The junta has never explicitly said she was under house arrest.

Thaksin said: "It is not easy to push Myanmar in terms of saying, oh,
release Aung San Suu Kyi. That makes the target harder if you push on a
particular point."

Myanmar joined in 1997 and has been a lingering embarrassment for ASEAN
ever since, but the grouping believes in a process of "constructive
engagement" with the junta.

Philippine President Gloria Arroyo said in a statement she had urged Soe
Win during talks Monday to embrace Aung San Suu Kyi and the NLD in the
reform process.

"Having welcomed Myanmar to ASEAN, we want to ensure that the ASEAN vision
of a vibrant and democratic community will be realized," Arroyo said.

"I reiterated that we have to answer to our own ASEAN community and to the
international community."

Officials in Yangon responsible for Aung San Suu Kyi's security confirmed
an NLD announcement Monday that her third stint of confinement since
taking up the democracy struggle in 1988 had been extended for a year.

The United States immediately expressed deep disappointment.

Indonesian foreign ministry spokesman Marty Natalegawa told reporters here
that Aung San Suu Kyi's extended house arrest, if true, was "inconsistent"
with Myanmar's pledge to previous ASEAN summits to lift restrictions on
her.

"If confirmed, then probably that is a subject of consternation for
Indonesia," he said.

Myanmar officials at the summit have stressed the regime's commitment to a
seven-point "road map" to democracy amid concerns about last month's
sacking of ex-premier Khin Nyunt, seen as the initiator of the reform
plan.

They have trumpted their release of some 9,000 prisoners before the ASEAN
summit. Only about 40 of them were political dissidents.

Activists have slammed ASEAN for being soft on the issue. They warned
allowing Myanmar to chair ASEAN meant an endorsement of military rule and
could undermine ASEAN's credibility.

A group of regional lawmakers over the weekend called for Myanmar to be
suspended from ASEAN unless it made progress towards democratic reforms.

_____________________________________

November 30, Agence France Presse
Embarrassment over Myanmar, pride at China trade deal as ASEAN wraps up

Vientiane: Southeast Asian leaders Tuesday wrapped up meetings in Laos
where renewed embarrassment over military-ruled Myanmar threatened to
overshadow the signing of a historic trade deal with China.

Myanmar re-emerged as the unpredictable bete noire of the Association of
Southeast Asian Nations (ASEAN) by sending out mixed signals on its
commitment to reform as the 10-member group met in the Laotian capital of
Vientiane.

Reports from Yangon that the ruling junta had extended the house arrest of
democracy leader Aung San Suu Kyi again cast a shadow over the annual
summit, which has been dogged by controversy ever since Myanmar joined
ASEAN in 1997.

Baffled Asian leaders, some of whom had only just praised Myanmar's
decision to release more than 9,000 prisoners, sought clear answers from
the military-led regime but got none.

Thai Prime Minister Thaksin Shinawatra said he asked Prime Minister Soe
Win about the status of Myanmar's most famous opposition figure.

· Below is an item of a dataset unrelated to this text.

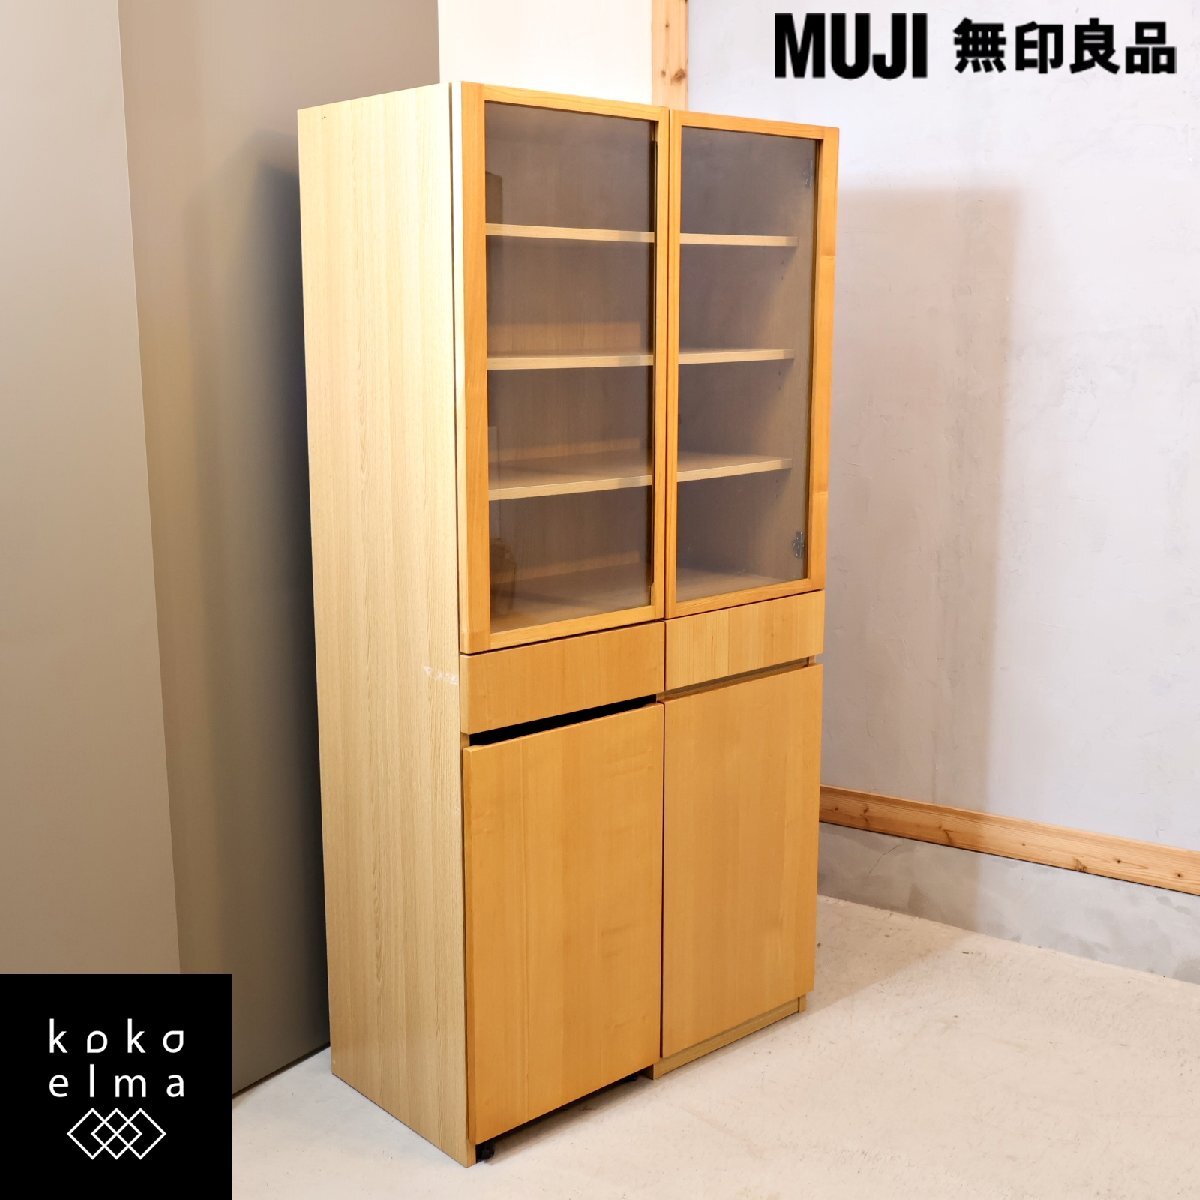 MUJI Muji Ryohin японский ясень шкаф буфет Wagon имеется натуральный современный простой кухня панель casual Северная Европа стиль ED142

"He said he has to check," Thaksin told reporters afterwards. "He didn't
have any details yet."

Addressing the awkward fact that Myanmar, one of the world's most
unpopular regimes, will take over the chairmanship of ASEAN in 2006,
Thaksin said there must be reform in the isolated country.

"Now they have started to release the prisoners, but not Aung San Suu Kyi
yet. One year from now on, some things must be improved," he said.

Indonesia would be concerned if the reports were true, foreign ministry
spokesman Marty Natalegawa said. "Then probably that is a subject of
consternation for Indonesia nationally," he told reporters.

Another piece of unwelcome news in Vientiane was Australia resistance to
calls to join a non-aggression pact with the organization even while
seeking free-trade negotiations from next year.

Prime Minister John Howard has riled Australia's neighbors with tough talk
of possible pre-emptive strikes against terrorist bases overseas, widely
interpreted to mean Indonesia, and ASEAN wants assurances about his
intentions.

But Australia insists it is no threat. "There's no question of attacking
Asian nations. We are a threat to nobody," Defence Minister Robert Hill
said in Sydney Tuesday.

The failure to induce Myanmar to stop its rights abuses or Australia to
sign its name on a piece of paper may expose ASEAN at its weakest and most
toothless.

But ASEAN also showed itself at its most ambitious during the summit,
signing agreements with China that could lead to the creation of the
world's largest trading bloc of nearly two billion people by the end of
the decade.

The pacts inked late Monday include an agreement to liberalize tariff and
non-tariff barriers on traded goods and one to set up a mechanism to
resolve trade disputes.

China's northeast Asian neighbors, and others in the region concerned
about being left behind, also got in in the act.

Japan, ever wary of China's growing influence, sealed a trade pact with
ASEAN Tuesday, aiming at creating a tariff-free bloc by 2012. The two
sides agreed to start talks next April.

Japan and ASEAN also settled on an anti-terror plan, pushing for
cooperation in cutting funding for terror groups and strengthening
immigration controls to stop militants crossing borders.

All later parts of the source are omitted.